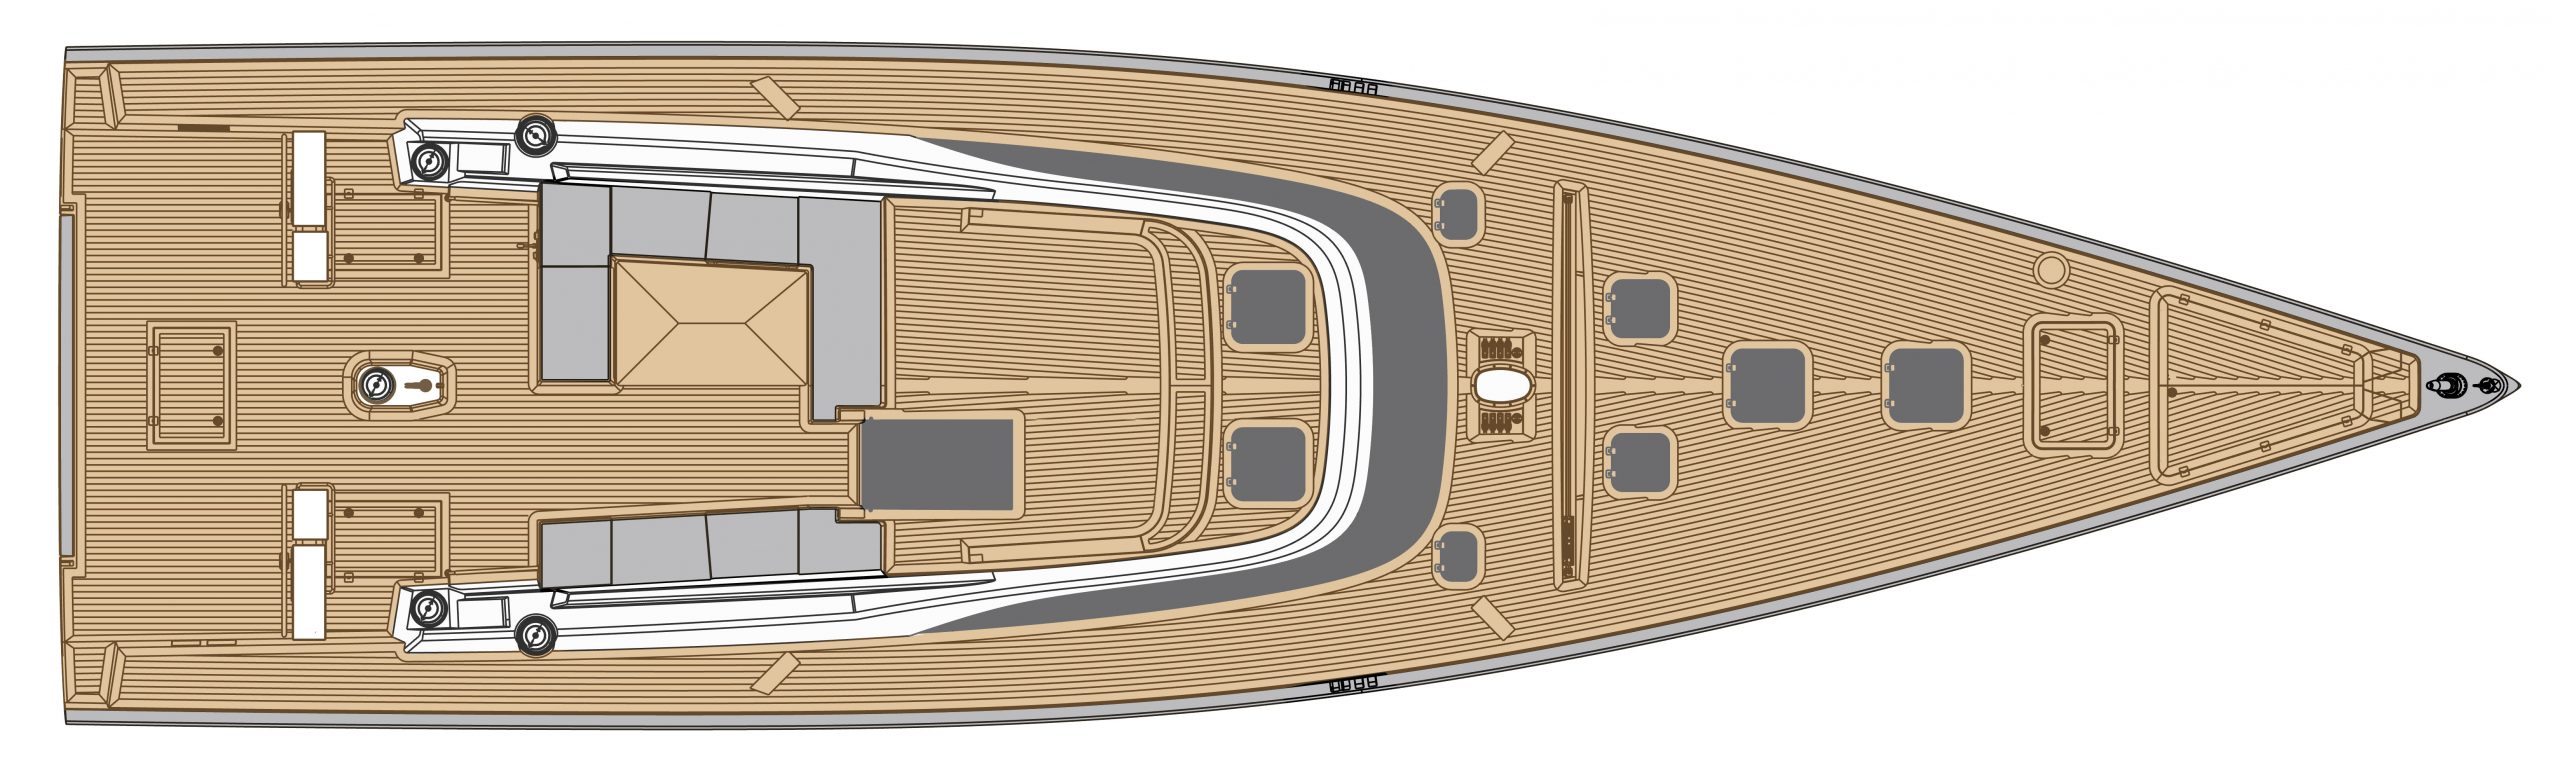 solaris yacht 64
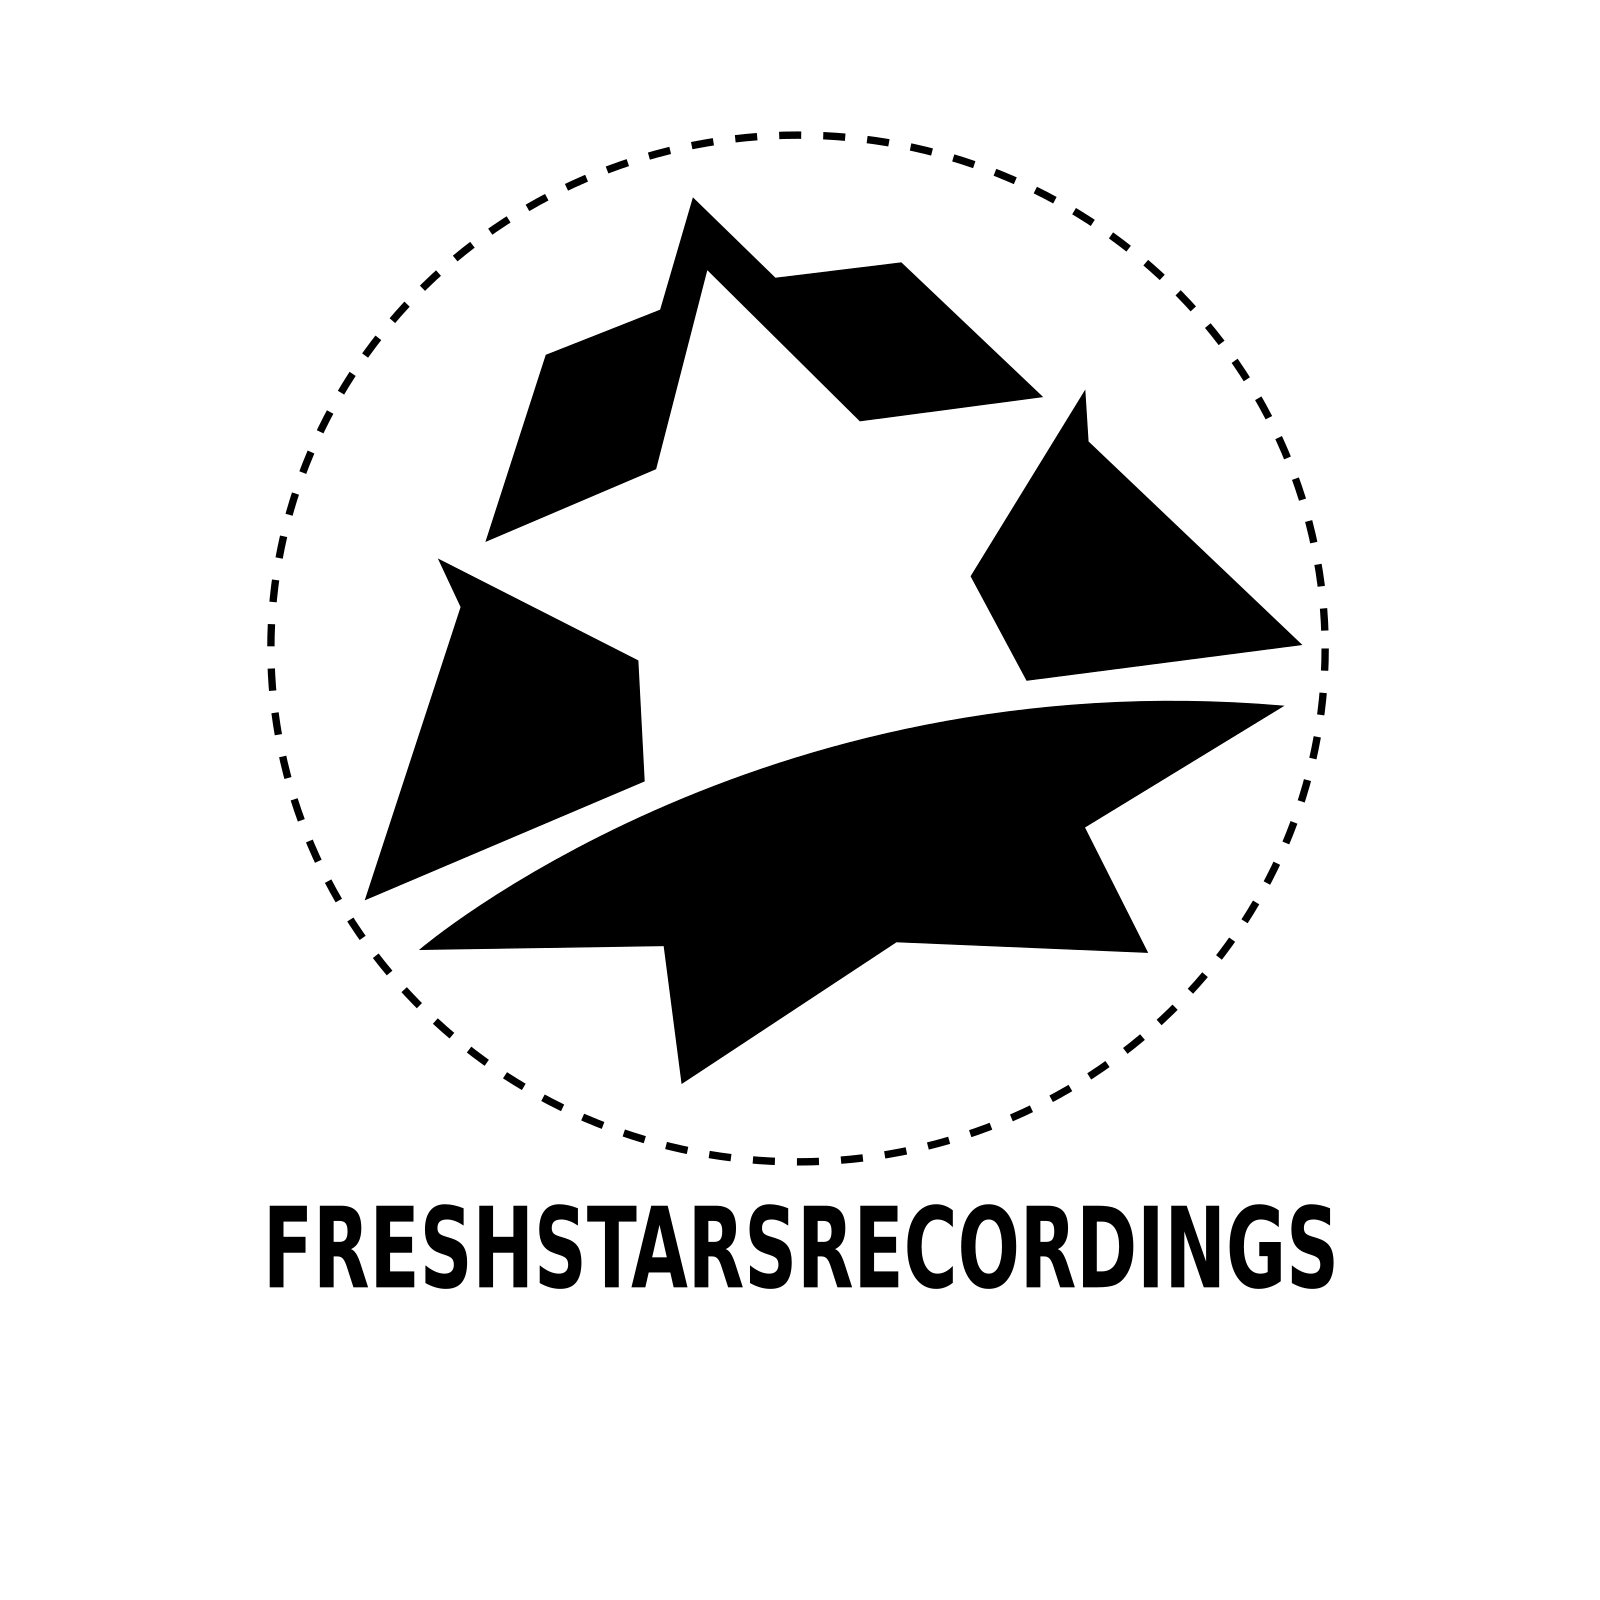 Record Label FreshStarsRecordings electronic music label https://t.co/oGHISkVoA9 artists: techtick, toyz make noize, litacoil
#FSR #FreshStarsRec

== == ==

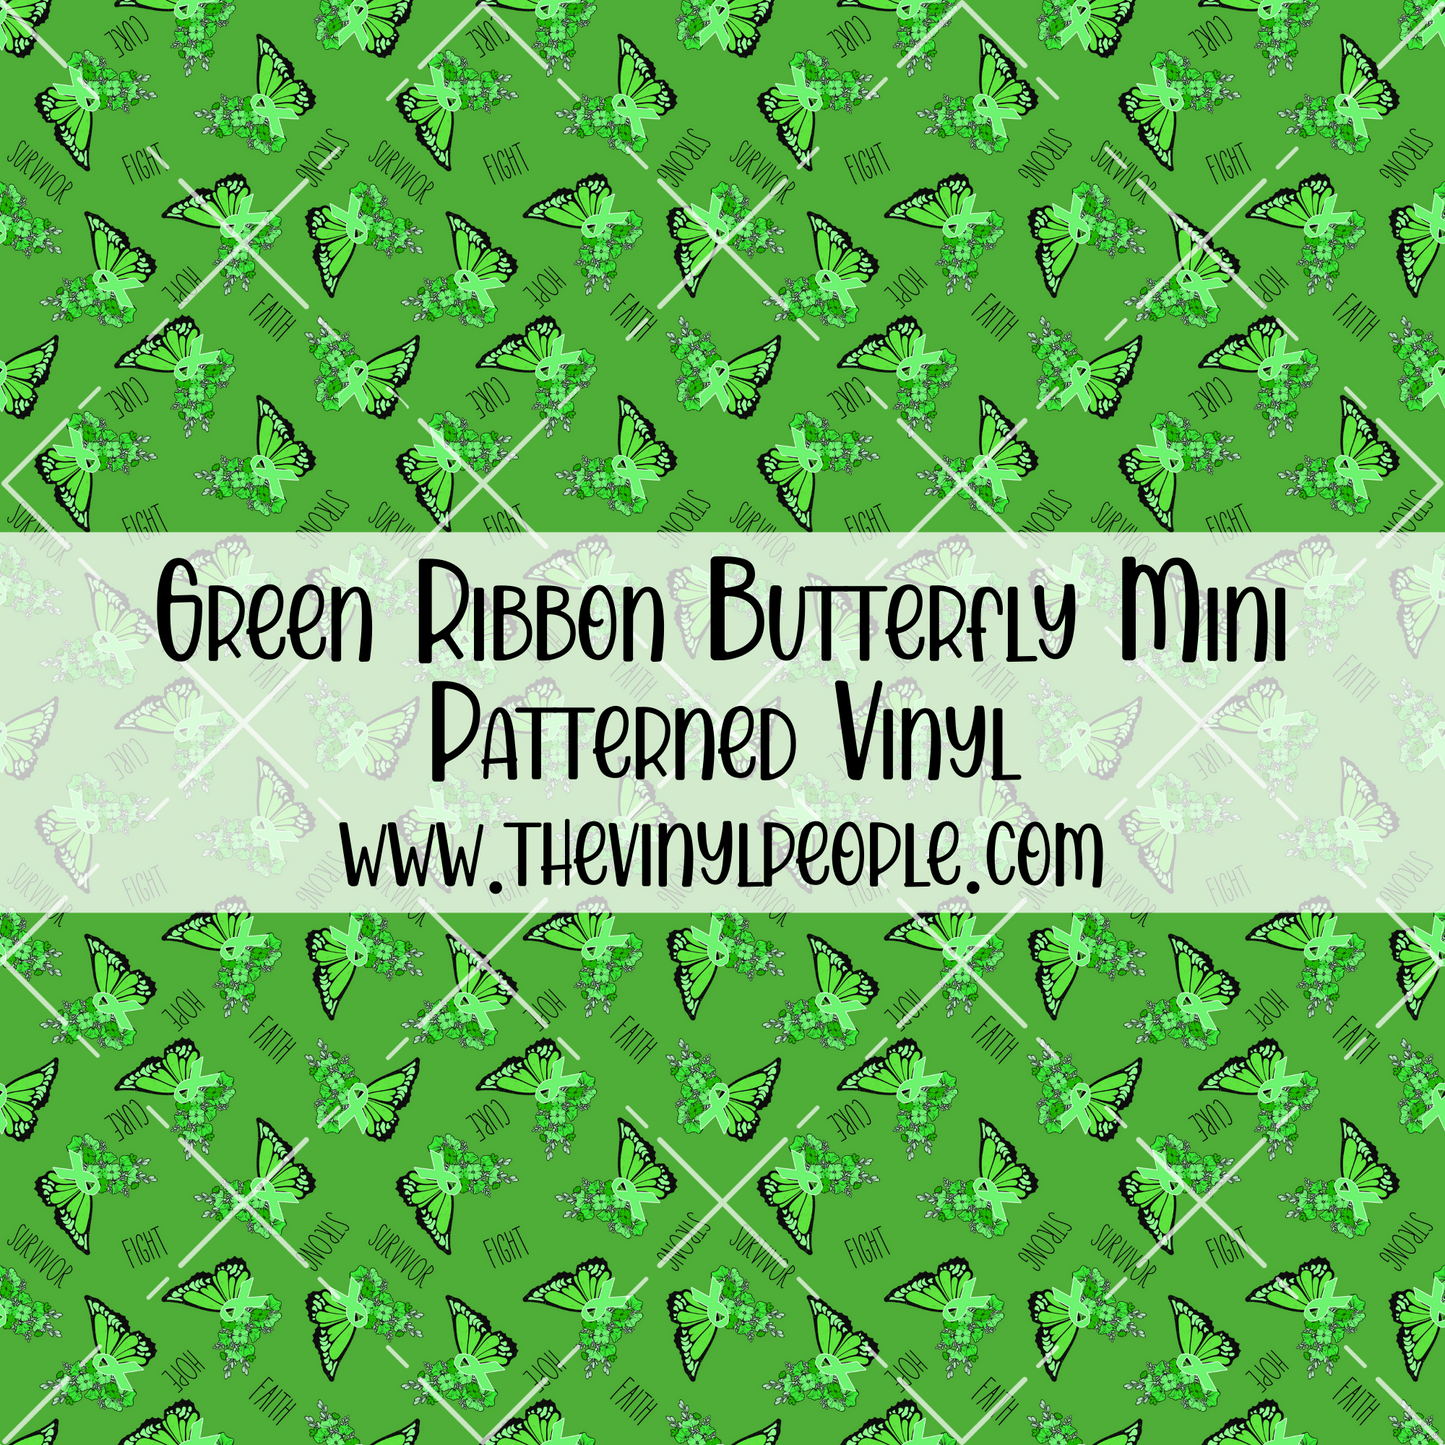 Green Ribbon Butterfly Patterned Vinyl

== == ==

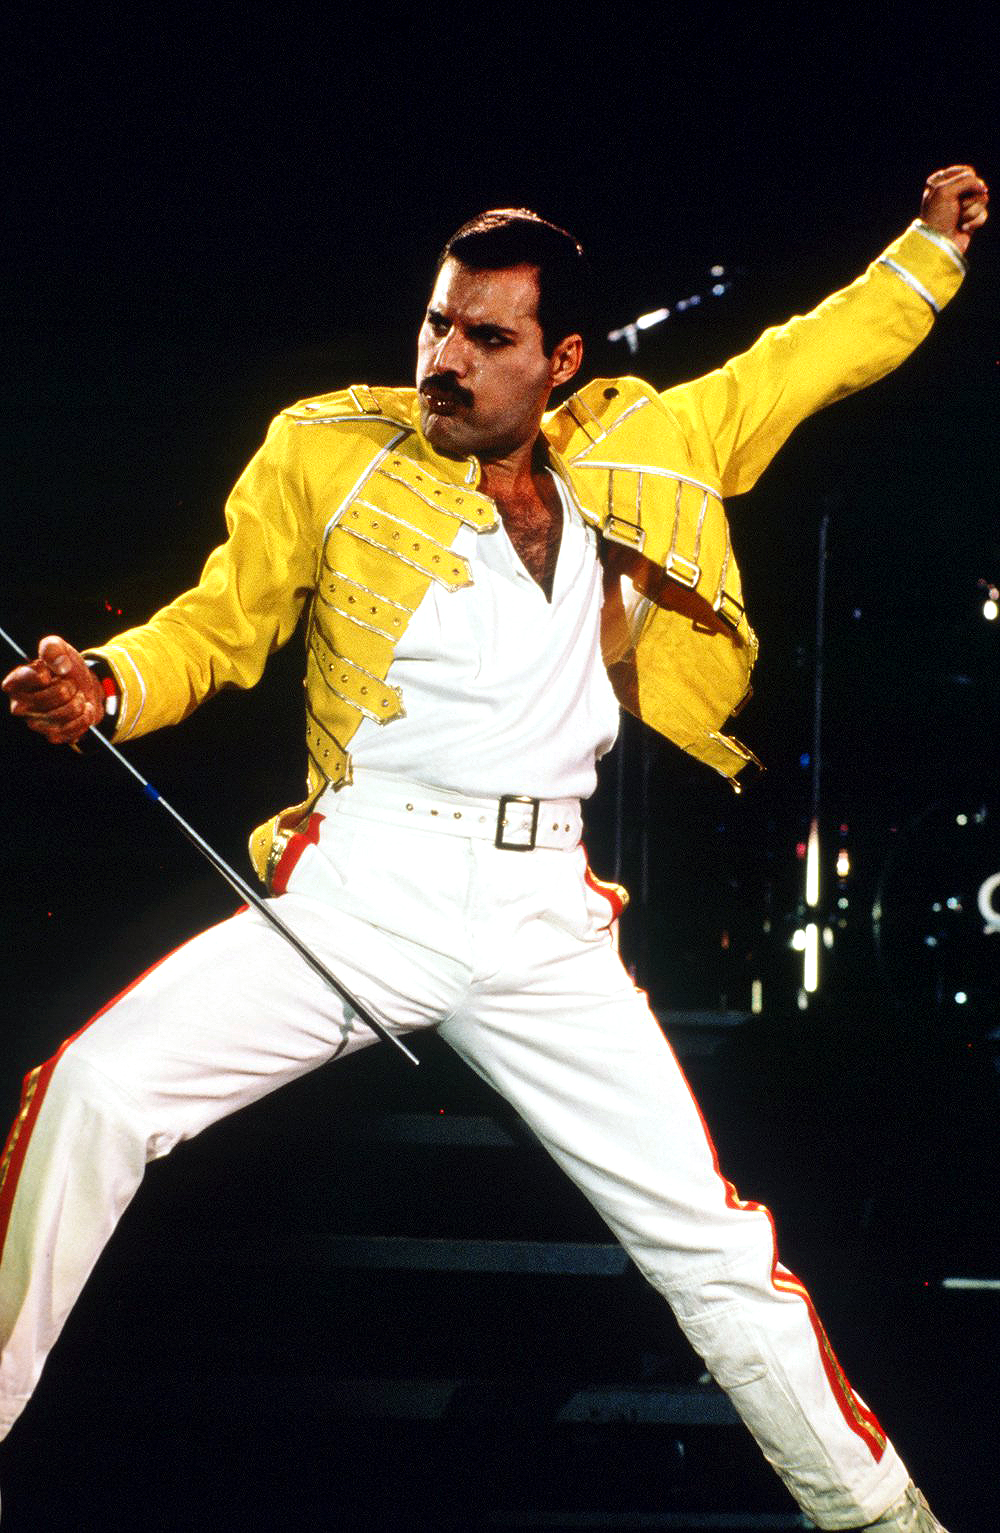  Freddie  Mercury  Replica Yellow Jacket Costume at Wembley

== == ==

Once the line with "solaris yacht 64" is found in the data above, reproduce it and each line after it exactly, through the line with "#FSR #FreshStarsRec". Omit the pictures.

__Written response__.
 solaris yacht 64
 Record Label FreshStarsRecordings electronic music label https://t.co/oGHISkVoA9 artists: techtick, toyz make noize, litacoil
#FSR #FreshStarsRec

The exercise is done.